Types of transport molecules
Uniport transports one solute at a time. Symport transports the solute and a cotransported
solute at the same time in the same direction. Antiport transports the solute in (or out) and
the co-transported solute the opposite direction. One goes in the other goes out or viceversa.
Vesicle-mediated transport
Vesicles and vacuoles that fuse with the cell membrane may be utilized to release or
transport chemicals out of the cell or to allow them to enter a cell. Exocytosis is the term
applied when transport is out of the cell.

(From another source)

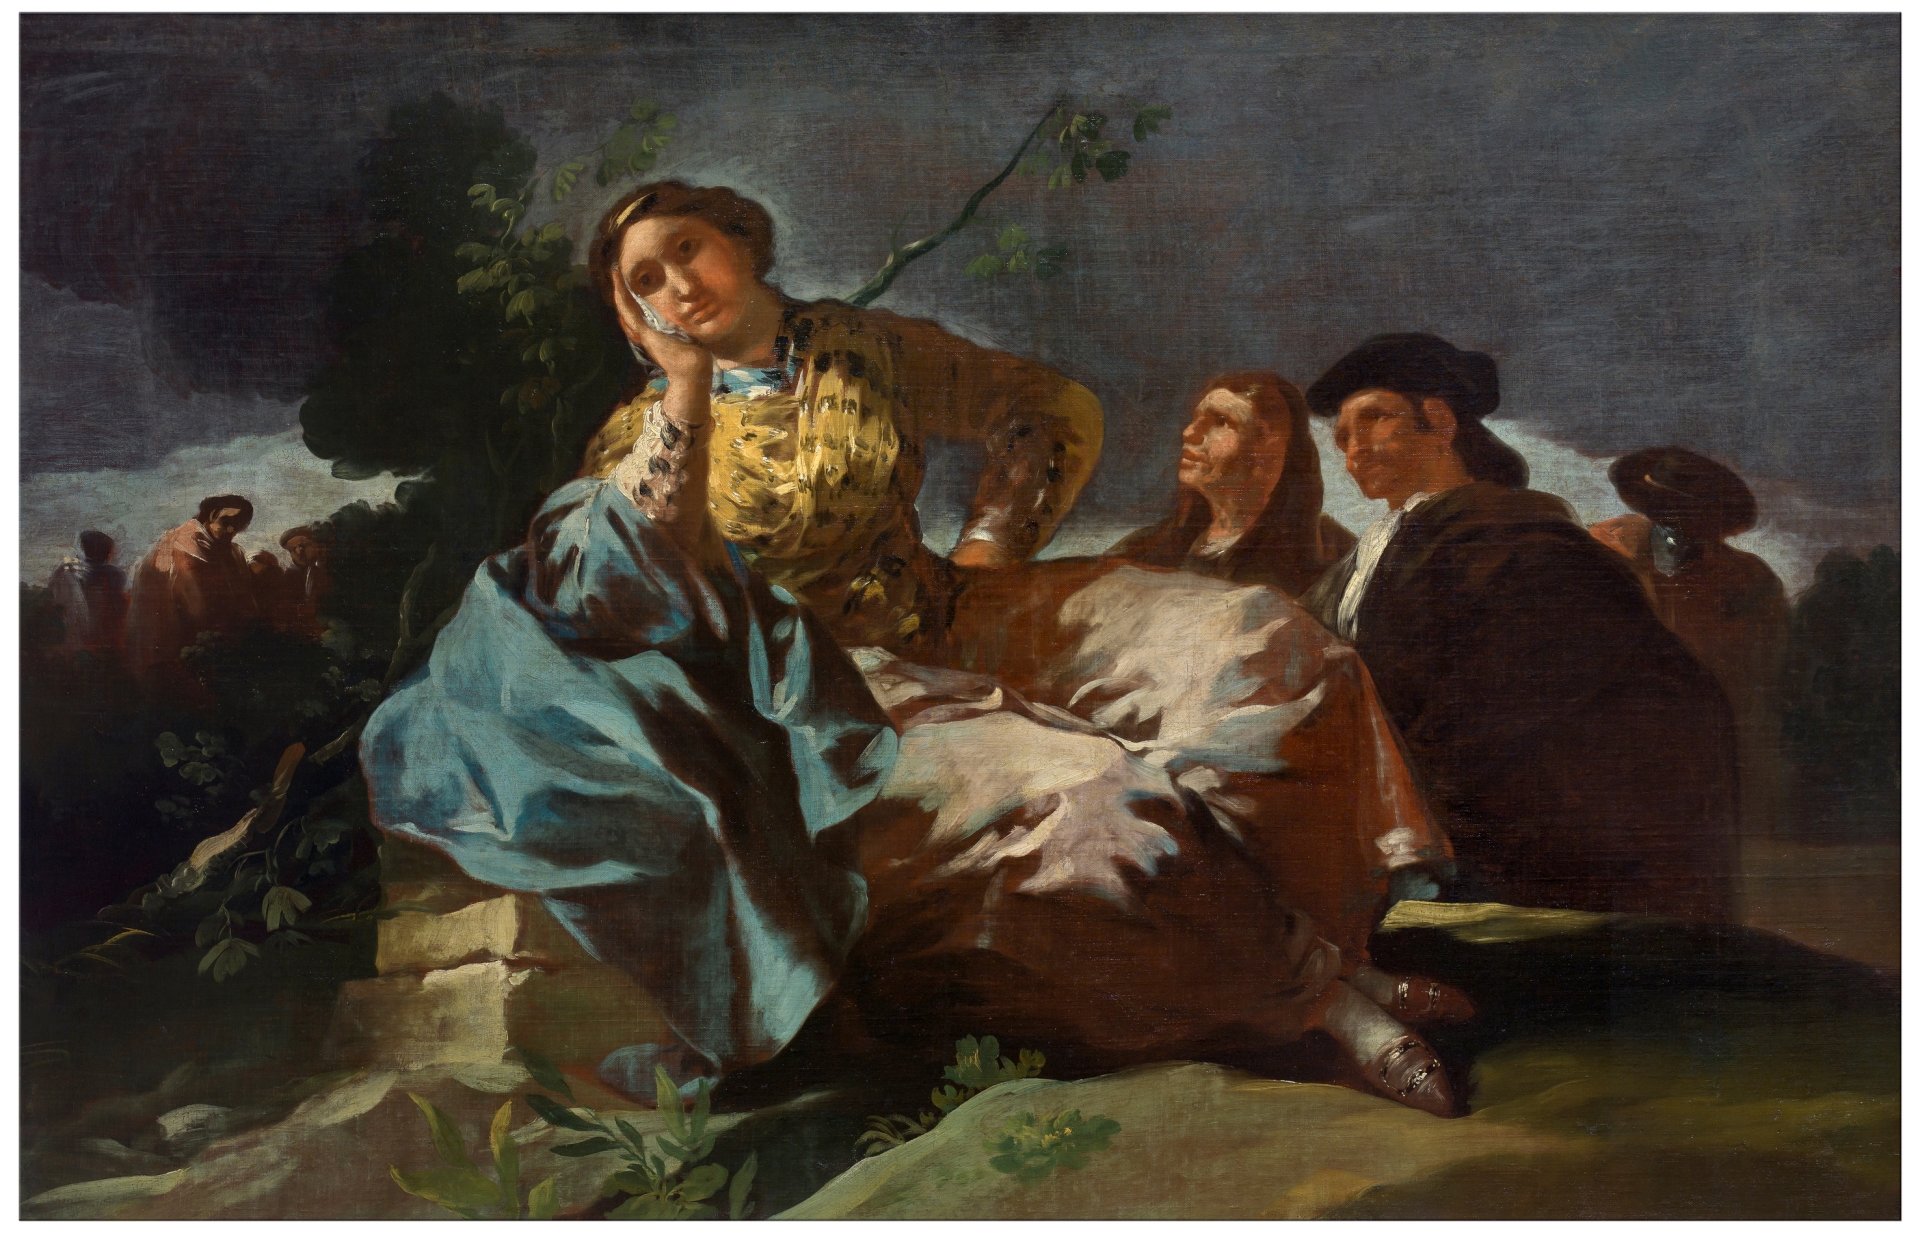 La cita, de Francisco de Goya
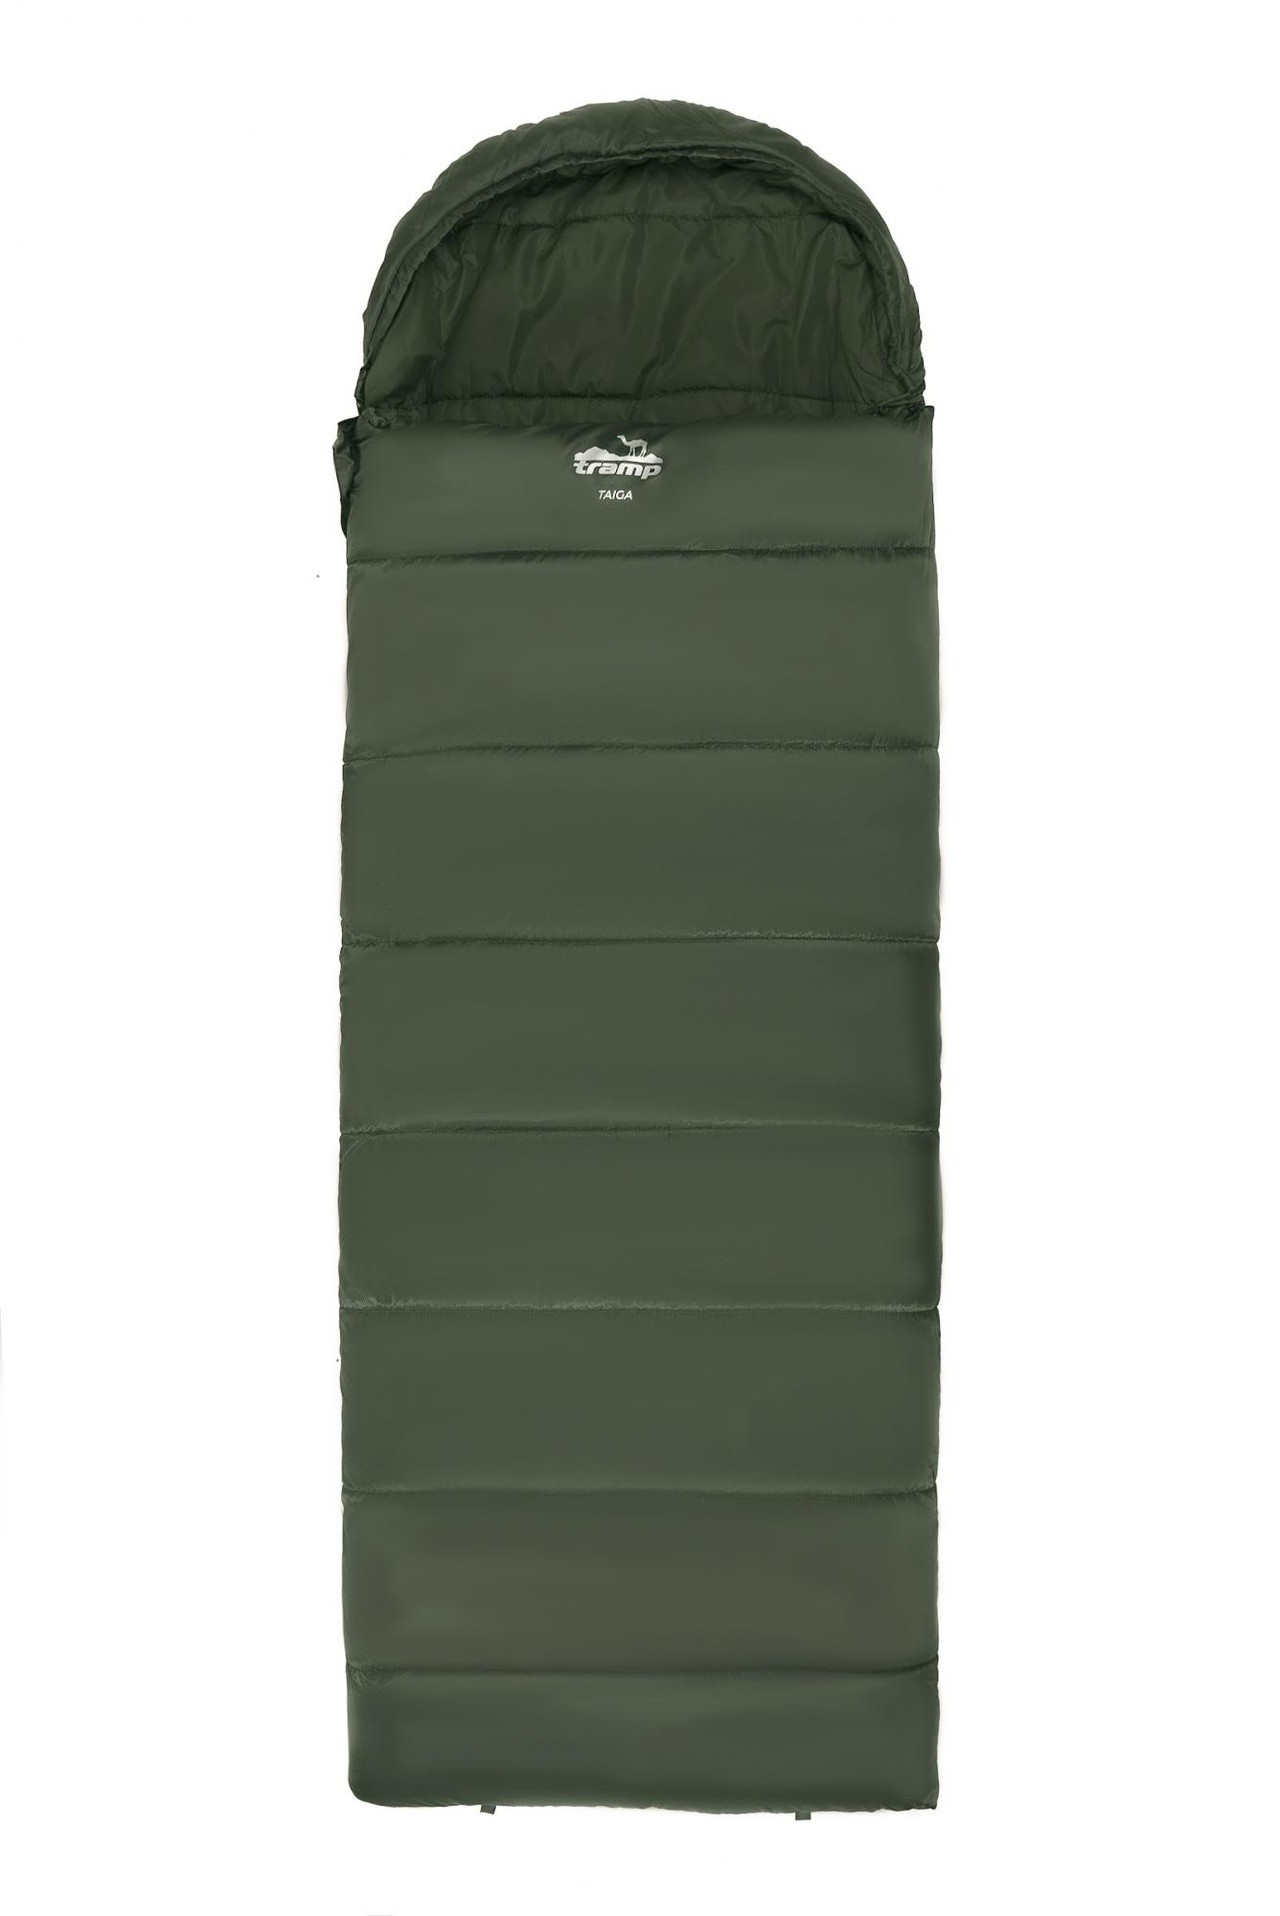 Спальный мешок одеяло Tramp Taiga 400 220*80 см (-10°C) - фото

Endocytosis is the case when a molecule causes the cell membrane to bulge inward,
forming a vesicle. Phagocytosis is the type of endocytosis where an entire cell is
engulfed. Pinocytosis is when the external fluid is engulfed. Receptor-mediated
endocytosis occurs when the material to be transported binds to certain specific
molecules in the membrane. Examples include the transport of insulin and cholesterol
into animal cells.
Sphingomyelin and cholesterol: from membrane biophysics and rafts to potential
medical applications.
The preferential sphingomyelin-cholesterol interaction which results from the structure
and the molecular properties of these two lipids seems to be the physicochemical basis
for the formation and maintenance of cholesterol/sphingolipid-enriched nano- and microdomains (referred to as membrane "rafts") in the plane of plasma and other organelle (i.e.,
Golgi) membranes. This claim is supported by much experimental evidence and also by
theoretical considerations. However, although there is a large volume of information
about these rafts regarding their lipid and protein composition, their size, and their
dynamics, there is still much to be clarified on these issues, as well as on how rafts are
formed and maintained. It is well accepted now that the lipid phase of the rafts is the
liquid ordered (LO) phase. However, other (non-raft) parts of the membrane may also be
in the LO phase. There are indications that the raft LO phase domains are more tightly
packed than the non-raft LO phase, possibly due to intermolecular hydrogen bonding
involving sphingolipid and cholesterol. This also explains why the former are detergentresistant membranes (DRM), while the non-raft LO phase domains are detergent-soluble
(sensitive) membranes (DSM). Recent findings suggest that protein-protein interactions
such as cross-linking can be controlled by protein distribution between raft and non-raft
domains, and, as well, these interactions affect raft size distribution. The
cholesterol/sphingomyelin-enriched rafts seem to be involved in many biological
processes, mediated by various receptors, as exemplified by various lipidated
glycosylphosphatidylinositol (GPI)- and acyl chain-anchored proteins that reside in the
rafts. The rafts serve as signaling platforms in the cell. Various pathogens (viruses and
toxins) utilize the raft domains on the host cell membrane as a port of entry, site of
assembly (viruses), and port of exit (viral budding). Existence and maintenance of
cholesterol-sphingomyelin rafts are dependent on the level of membrane cholesterol and
sphingomyelin. This explains why reduction of cholesterol level--either through reverse
cholesterol transport, using cholesterol acceptors such as beta-cyclodextrin, or through
cholesterol biosynthesis inhibition using statins--interferes with many processes which
involve rafts and can be applied to treating raft-related infections and diseases. Detailed
elucidation of raft structure and function will improve understanding of biological
membrane composition-structure-function relationships and also may serve as a new
avenue for the development of novel treatments for major diseases, including viral
infections, neurodegenerative diseases (Alzheimer's), atherosclerosis, and tumors.